When Lehmberg refused to resign, Perry threatened to veto funding of her Public Integrity Unit—which investigates corruption of local, state, and federal public officials. Sources close to the investigation told me that Perry’s threat happened as the unit’s prosecutors were investigating whether Perry’s political backers and campaign contributors had received preferential and improper treatment in receiving grants from an anti-cancer state agency, the Cancer Prevention and Research Institute of Texas.

……… (Run of the mill Texas corruption snipped)

When Lehmberg refused to resign, Perry threatened to veto funding of her Public Integrity Unit—which investigates corruption of local, state, and federal public officials. Sources close to the investigation told me that Perry’s threat happened as the unit’s prosecutors were investigating whether Perry’s political backers and campaign contributors had received preferential and improper treatment in receiving grants from an anti-cancer state agency, the Cancer Prevention and Research Institute of Texas.

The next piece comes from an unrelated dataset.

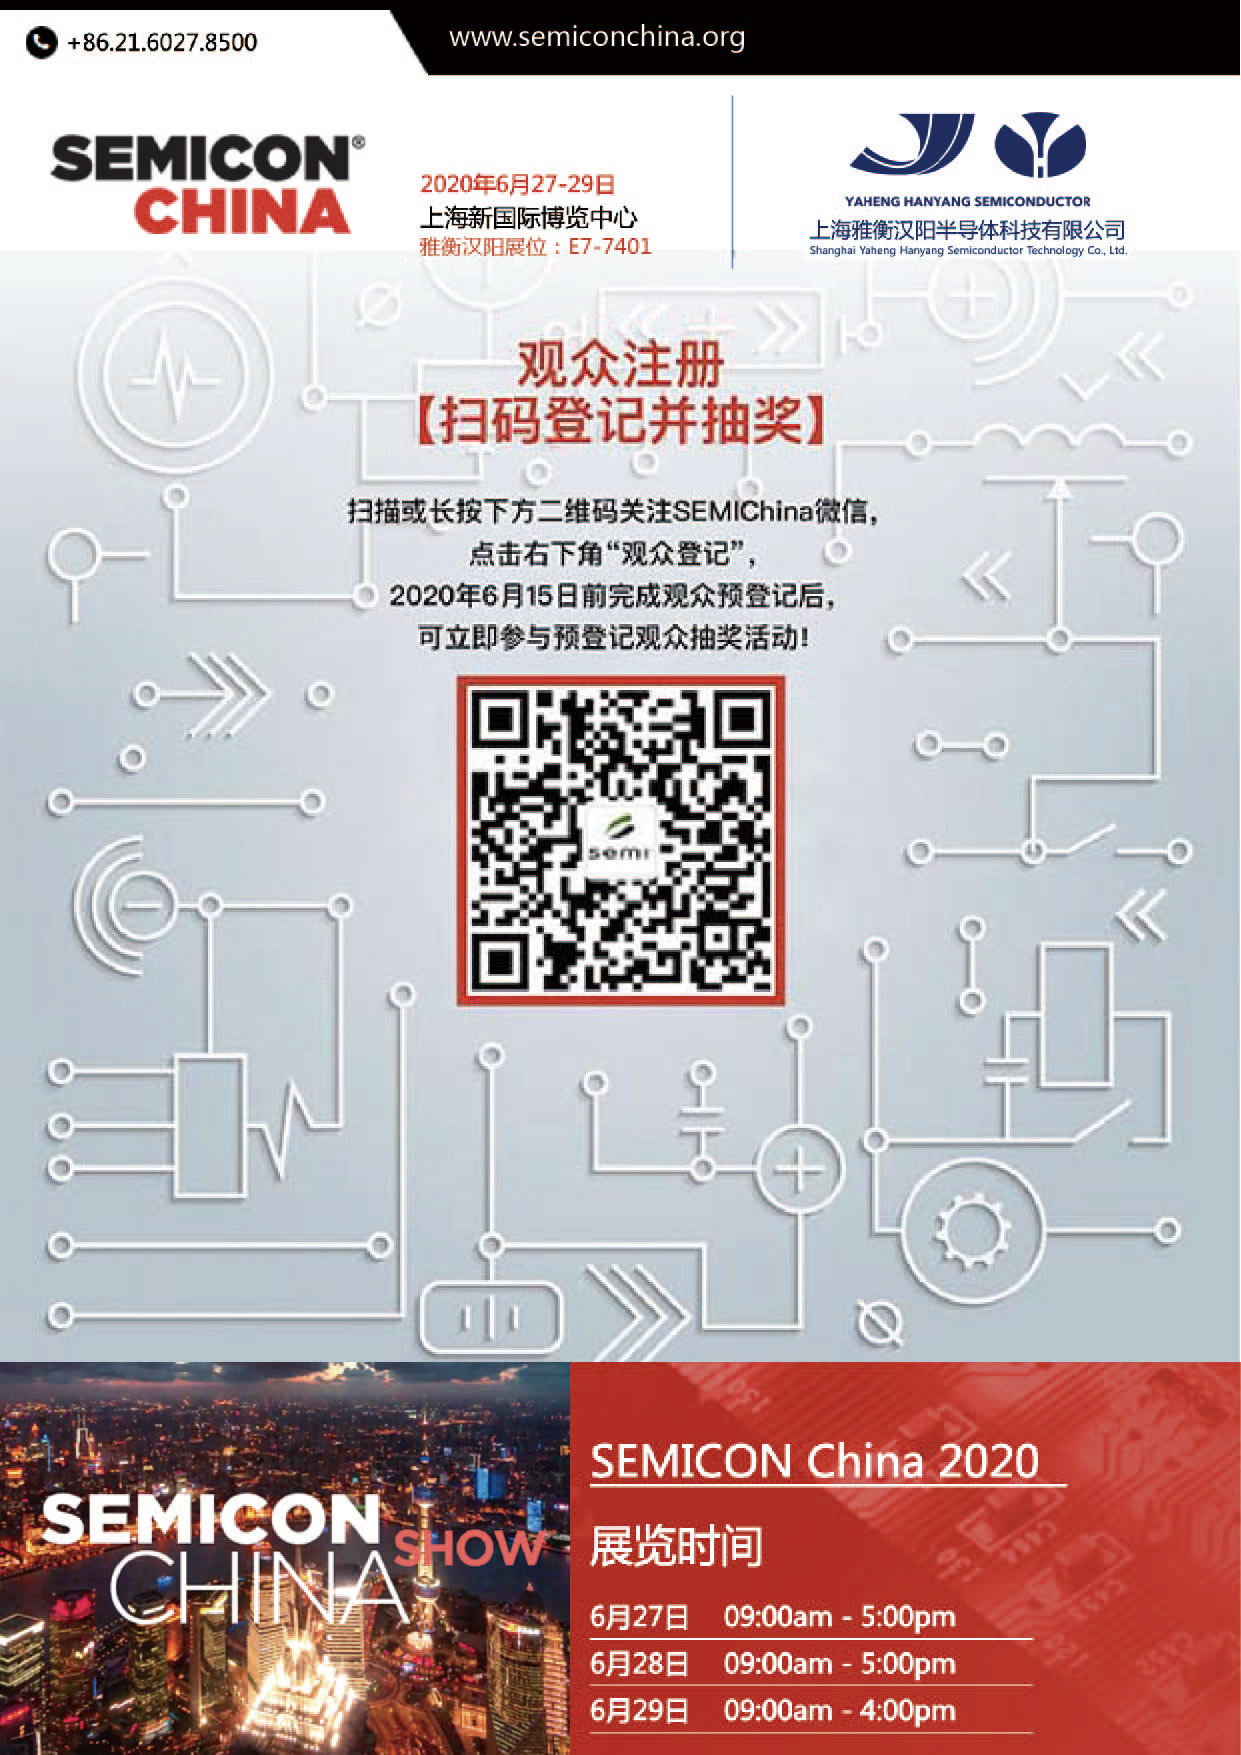 雅衡汉阳邀您参观SEMICON China 2020

Making public statements and publicly threatening a veto is one thing, but the behind the scenes machinations and contacts by his evil minions appear to be a direct threat against the office that is investigating him.

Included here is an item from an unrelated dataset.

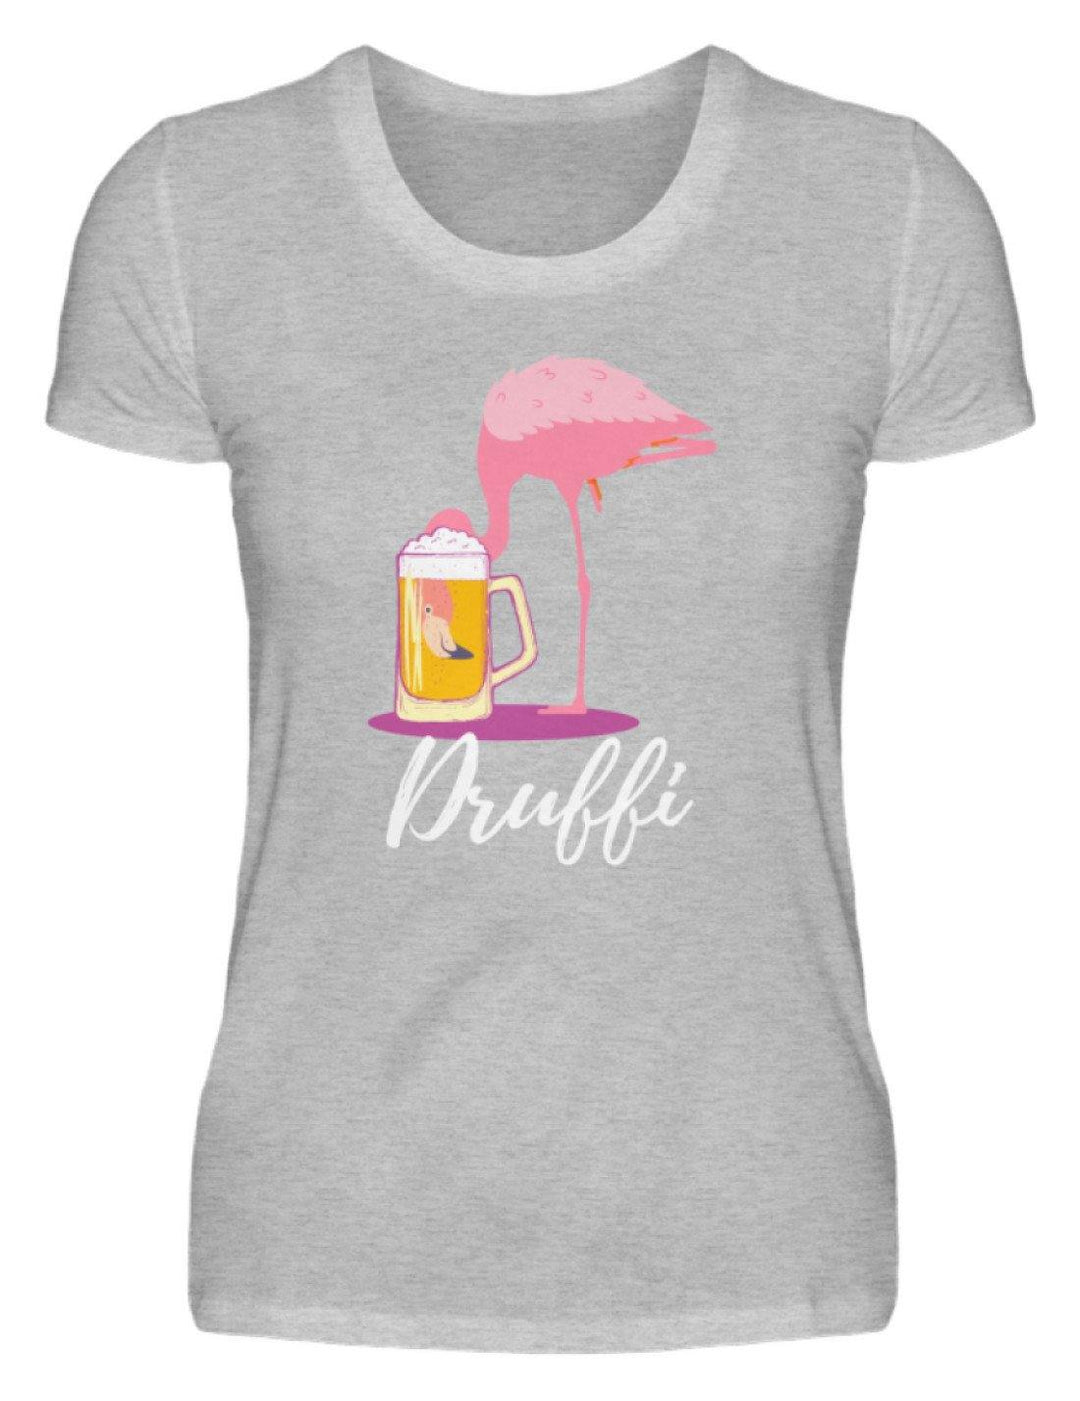 Flamingo Druffi - Words on Shirt  - Damenshirt - Words on Shirts Sag es mit dem Mittelfinger Shirts Hoodies Sweatshirt Taschen Gymsack Spruch Sprüche Statement

And then there is the legal precedent:

The closest precedent dates back to 1917, when Gov. James Ferguson, who wanted the University of Texas to fire some faculty and staff of which he disapproved, was indicted based on his veto of funding to the university. Ferguson resigned before he was convicted. “There’s not really any legal or political precedent for this. You’ve got to go back nearly a century,” Jillson said.

I think that the case is far stronger than is made out in Politico.

The case against Perry is a lot stronger than against Ferguson, because those college professors were not investigating him and his, and DA Lehmberg is investigating him and his.

I still think that it is a tough case to prove unless the DA turns one of Perry’s evil minions, but I do think that it is a winnable case.

JMR Demonstrators Downselected


Valor


Defiant

Bell’s Tilt Rotor and the Sikorsky/Boeing coaxial rotor helo have been selected to produce the two Joint Multi Role technology demonstration (JMR TD) vehicles:

Bell Helicopter and Sikorsky/Boeing have been selected to build high-speed rotorcraft technology demonstrators for the U.S. Army. Both aircraft are scheduled to fly in 2017.

Bell will build the 280-kt. V-280 Valor tiltrotor and Sikorsky/Boeing the 230 kt.-plus SB.1 Defiant rigid coaxial-rotor compound helicopter under the $217 million first phase of the Joint Multi Role technology demonstration (JMR TD).

JMR TD is the precursor to the Army’s planned Future Vertical Lift Medium (FVL-M) program to replace the Sikorsky UH-60 Black Hawk utility helicopter from the mid-2030s onward. Later an attack derivative could replace the Boeing AH-64 Apache and a marinized version of the Navy’s MH-60 Seahawk.

The two other competitors for JMR TD Phase 1, small companies AVX Aircraft and Karem Aircraft, are expected to receive Army contracts for some level of continued technology development. AVX was proposing a 230-kt. coaxial-rotor compound and Karem a variable-speed tiltrotor.

Both demonstrators have about the same installed HP, around 3300 KW, which is about double that of the Black Hawk helicopter which they are slated to replace, though to be fair, the gross weight is about is about 35% more than the Black Hawk.

I’m inclined to go with the helicopter over the tilt rotor, because I like the idea of being able to autorotate if things go bad, and because the history of tilt-rotors is one of high costs, low reliability, and a large footprint, while coaxial helicopters have been in deployment (albeit Soviet/Russian deployment) for over 40 years.